After some resistance, Orpah finally agreed and left. However, Ruth was determined to stick with her Mother in Law. She refused to leave her side, and in so doing took a great step of faith and courage. By accepting Naomi, she was agreeing to follow her culture and God.  She was at risk of not ever getting married or having society standing again. But she was faithful to Naomi.

But Ruth replied, “Don’t urge me to leave you or to turn back from you. Where you go I will go, and where you stay I will stay. Your people will be my people and your God my God. 17 Where you die I will die, and there I will be buried. May the Lord deal with me, be it ever so severely,if even death separates you and me.” 18 When Naomi realized that Ruth was determined to go with her, she stopped urging her.  –Ruth 1:16-18

The women returned, where townspeople looked rather strangely at Ruth and recalled the family who left, now shrunk. Ruth decided to help provide, and she went to glean at a field. In those days, farmers were not supposed to pick up every bit of wheat when they harvested crops. That way, widows or people who needed help could come and sift out the extra pieces of grain so that they could have food (like we sifted the straw and nuts).  As it turned out, the field that Ruth found to glean in belonged to someone who was related to Elimilek (Naomi’s late husband). His name was Boaz, and when he saw Ruth he was quite intrigued. He encouraged her to keep gleaning in his field, since she was from another country and might not be accepted too widely elsewhere. We can assume that either Ruth was quite pretty or Boaz had heard her tale…maybe some of both:

So Boaz said to Ruth, “My daughter, listen to me. Don’t go and glean in another field and don’t go away from here. Stay here with the women who work for me. Watch the field where the men are harvesting, and follow along after the women. I have told the men not to lay a hand on you. And whenever you are thirsty, go and get a drink from the water jars the men have filled.”

10 At this, she bowed down with her face to the ground. She asked him, “Why have I found such favor in your eyes that you notice me—a foreigner?”
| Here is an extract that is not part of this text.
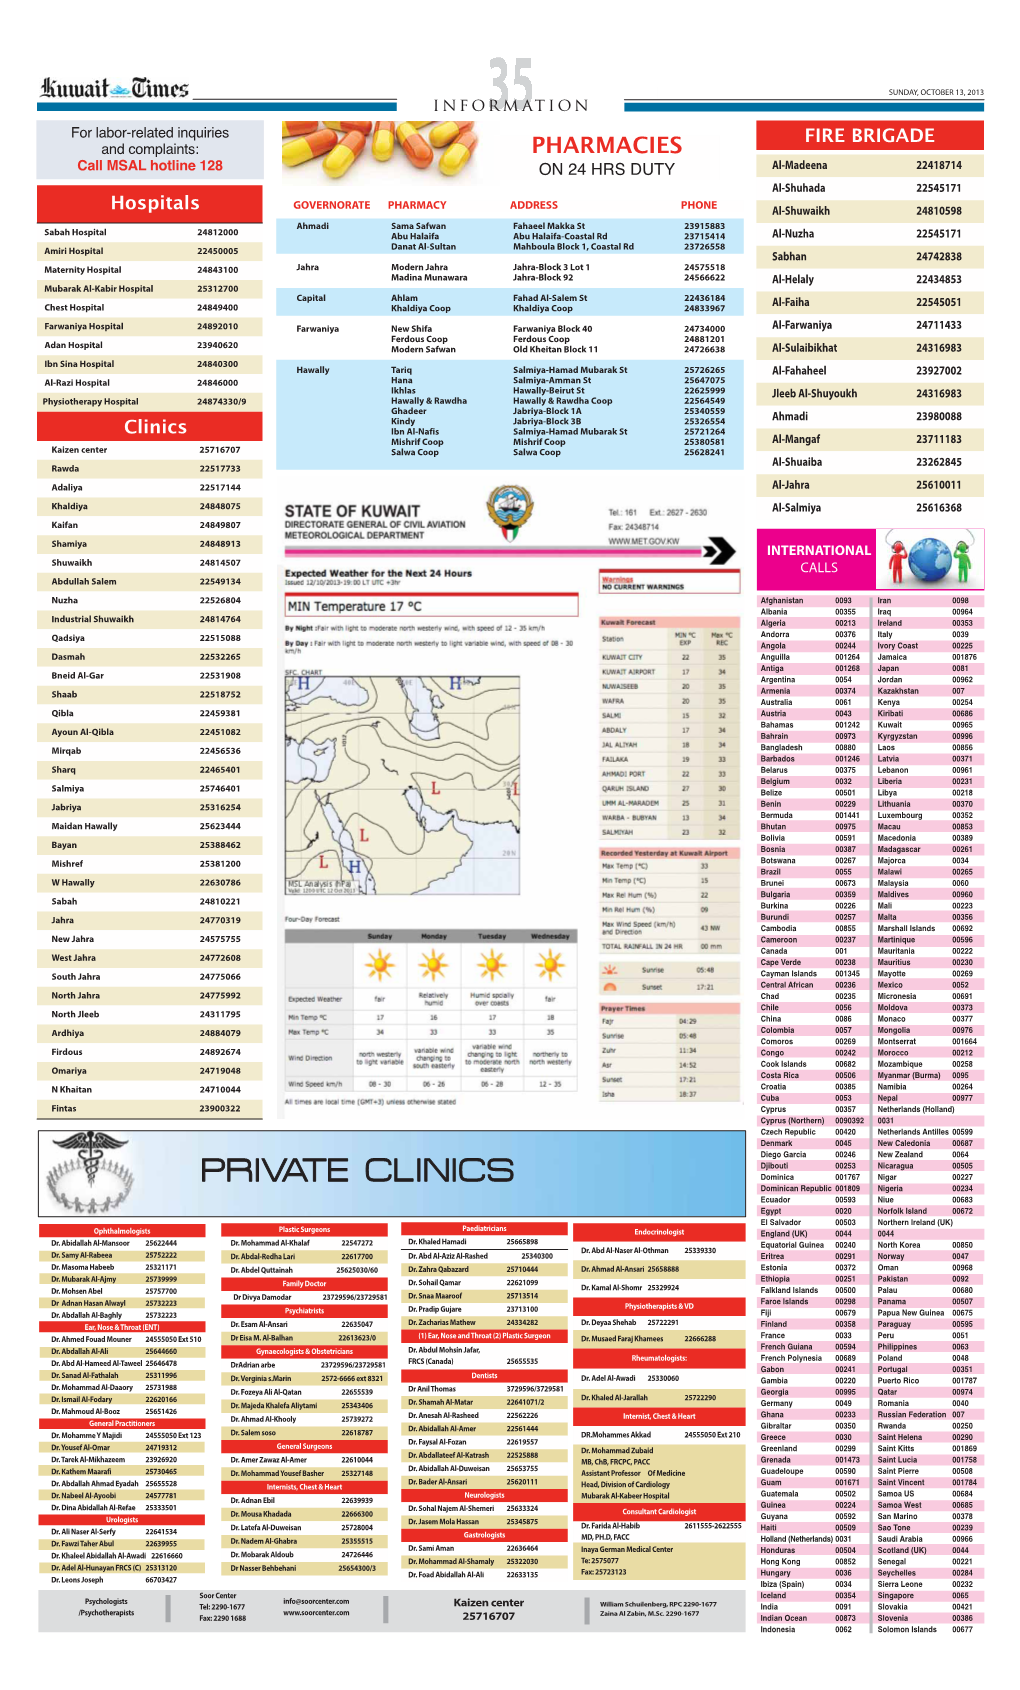 Private Clinics

11 Boaz replied, “I’ve been told all about what you have done for your mother-in-law since the death of your husband—how you left your father and mother and your homeland and came to live with a people you did not know before. 12 May the Lord repay you for what you have done. May you be richly rewarded by the Lord, the God of Israel, under whose wings you have come to take refuge.” –Ruth 2:8-12

So Ruth gleaned in the field of Boaz, and Naomi was quite pleased when she heard about it. She told Ruth who Boaz was, and knew they would be cared for.
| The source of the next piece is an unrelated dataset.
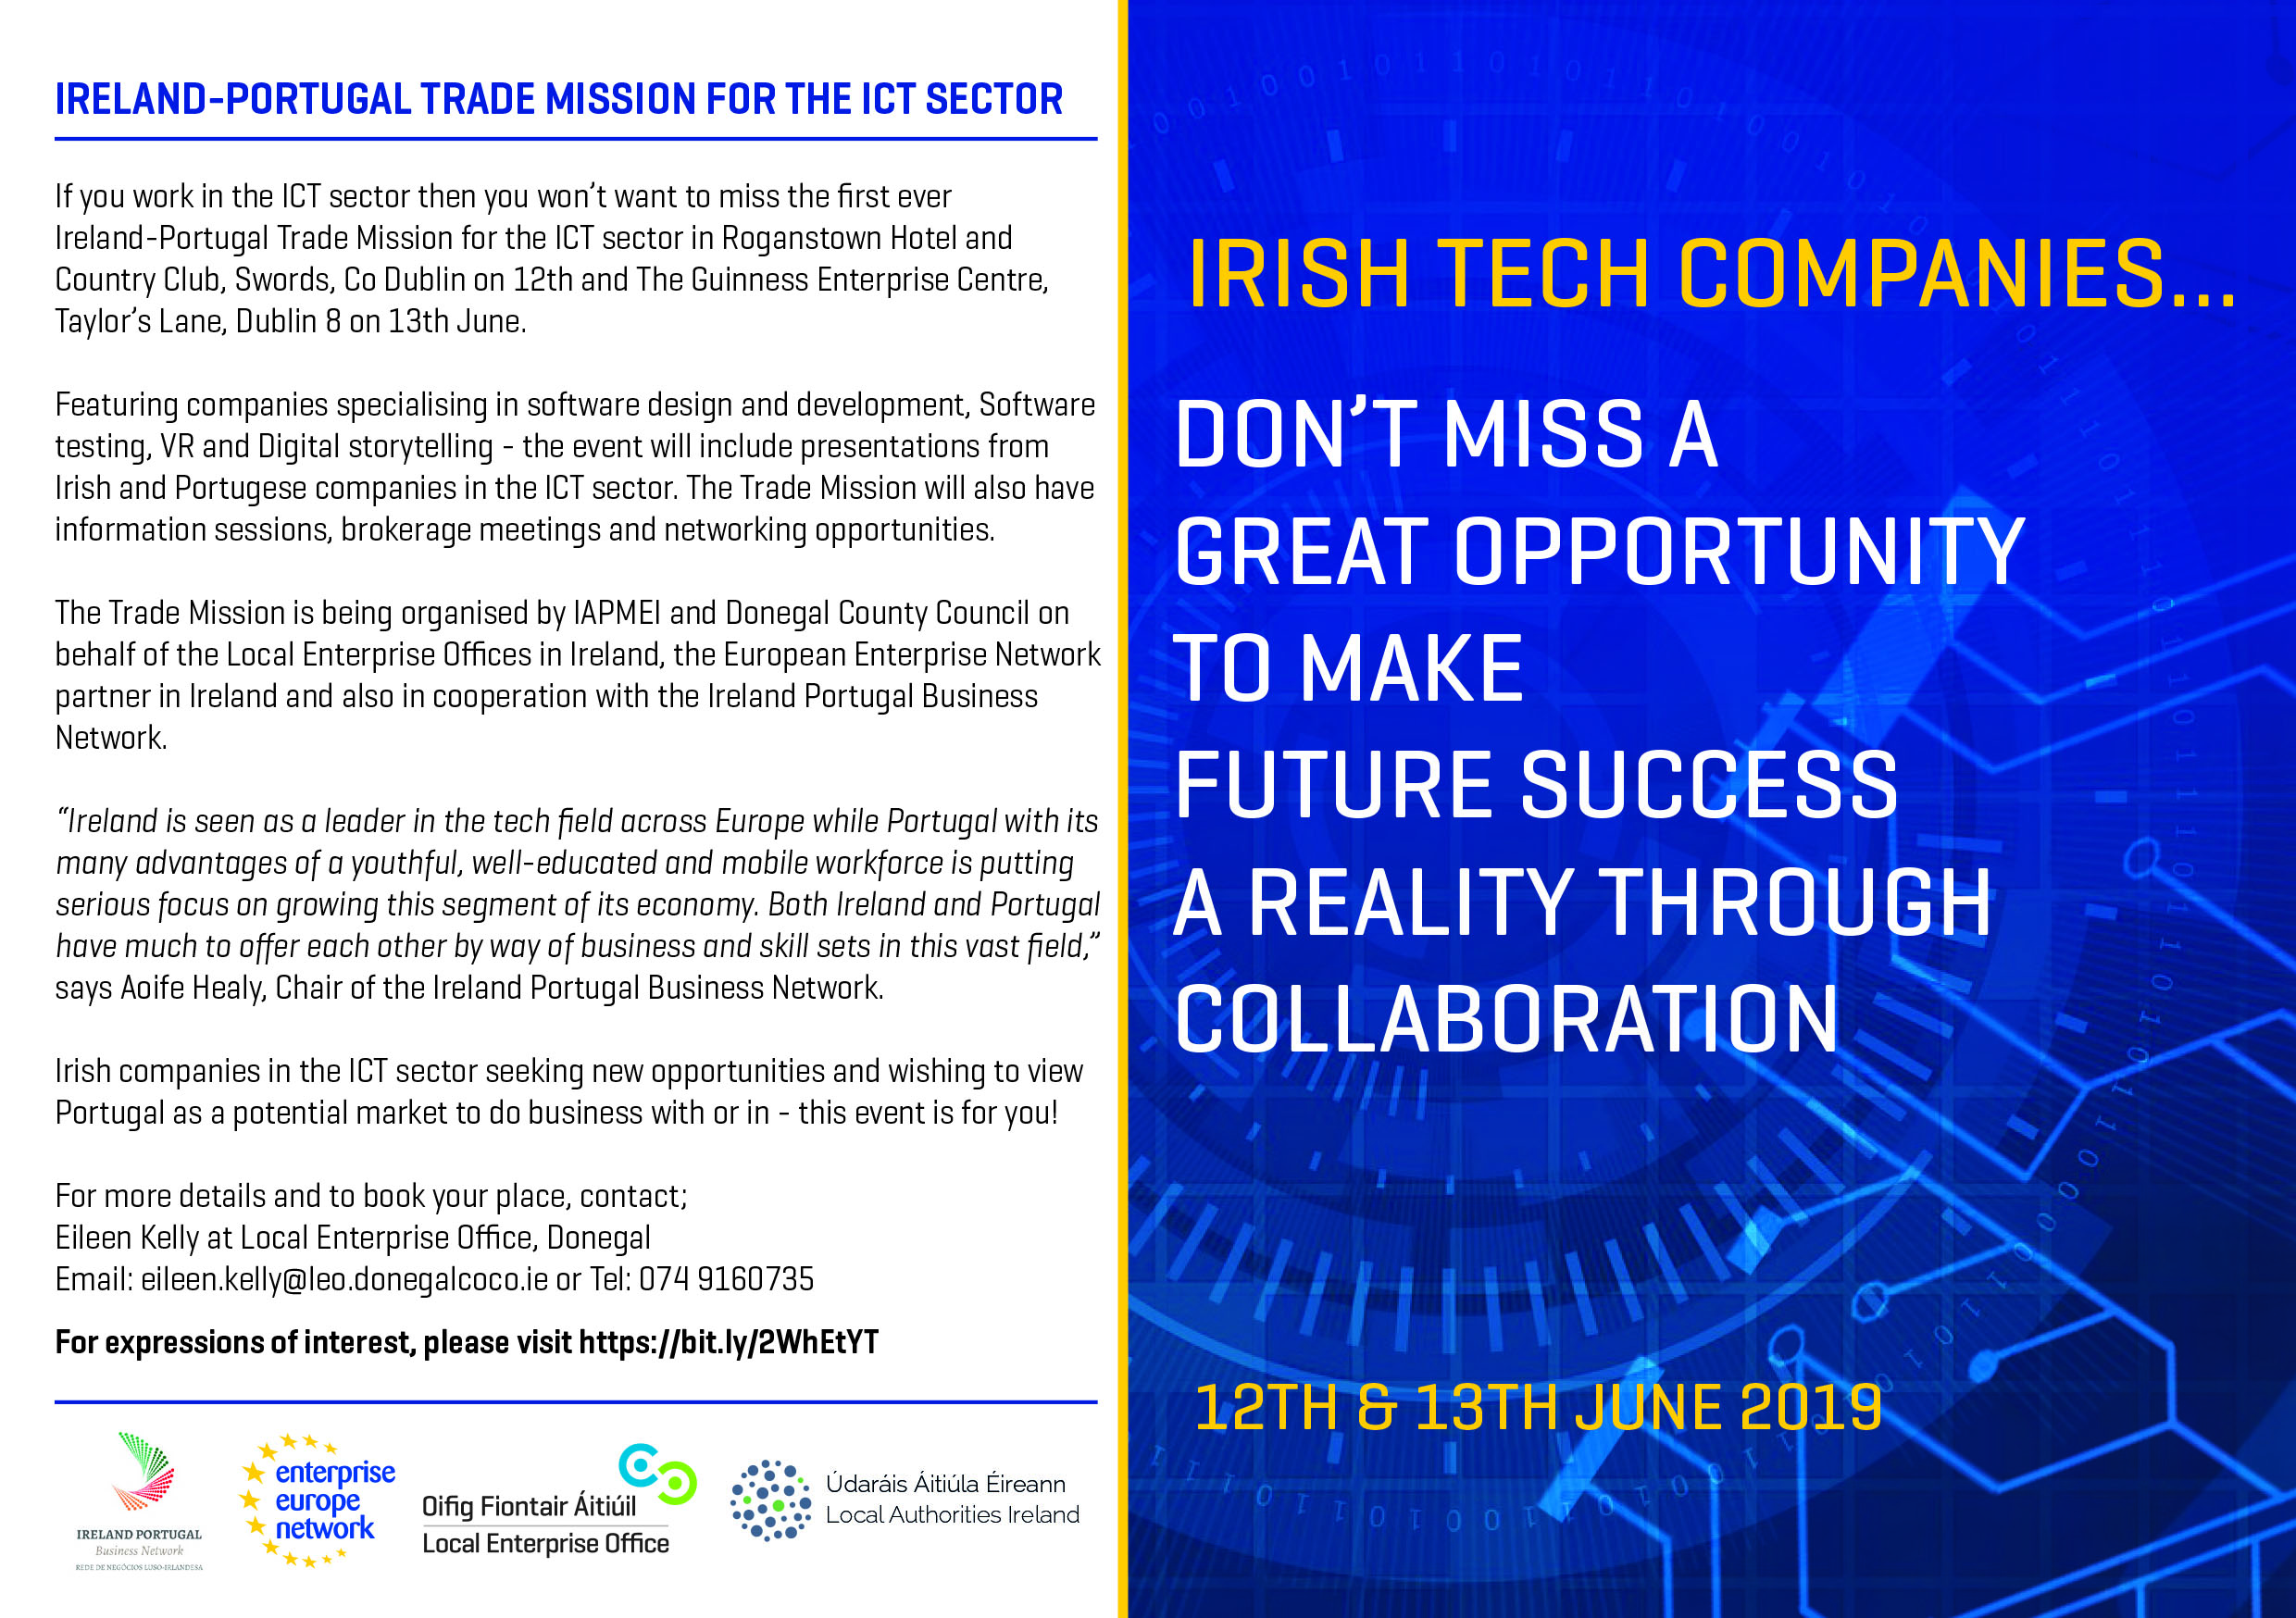 Ireland Portugal ICT Company Mission 12th & 13th June

“The Lord bless him!” Naomi said to her daughter-in-law. “He has not stopped showing his kindness to the living and the dead.” She added, “That man is our close relative; he is one of our guardian-redeemers.”           -Ruth 2:20

Family ties were important in that time. If someone was in trouble and needed help, family members had obligation to take care of them, even if they were not related by blood and even if they had never met the other person. The “redeemer” aspect meant that Boaz was saving Ruth and Naomi, literally taking their shattered lives and helping to put them back together. So since Ruth showed faithfulness to God and her family, and wouldn’t leave Naomi, God took care of them. But what happened with her and Boaz?? Well, tune in next time to find out!

Craft:
Make a necklace (or hanging decoration) to remember family and friends in our lives. Have students select a bead or a noodle for each person in their families. Provide string and help (if necessary) to thread the beads and noodles on. Encourage them to use these to pray for loved ones, and to stick to them like a string to a noodle!

Close with prayer and gratitude for special people in our lives. Ask God for faithfulness and quality relationships with others. If desired, allow students to take some souvenir hay to remember the story, as well.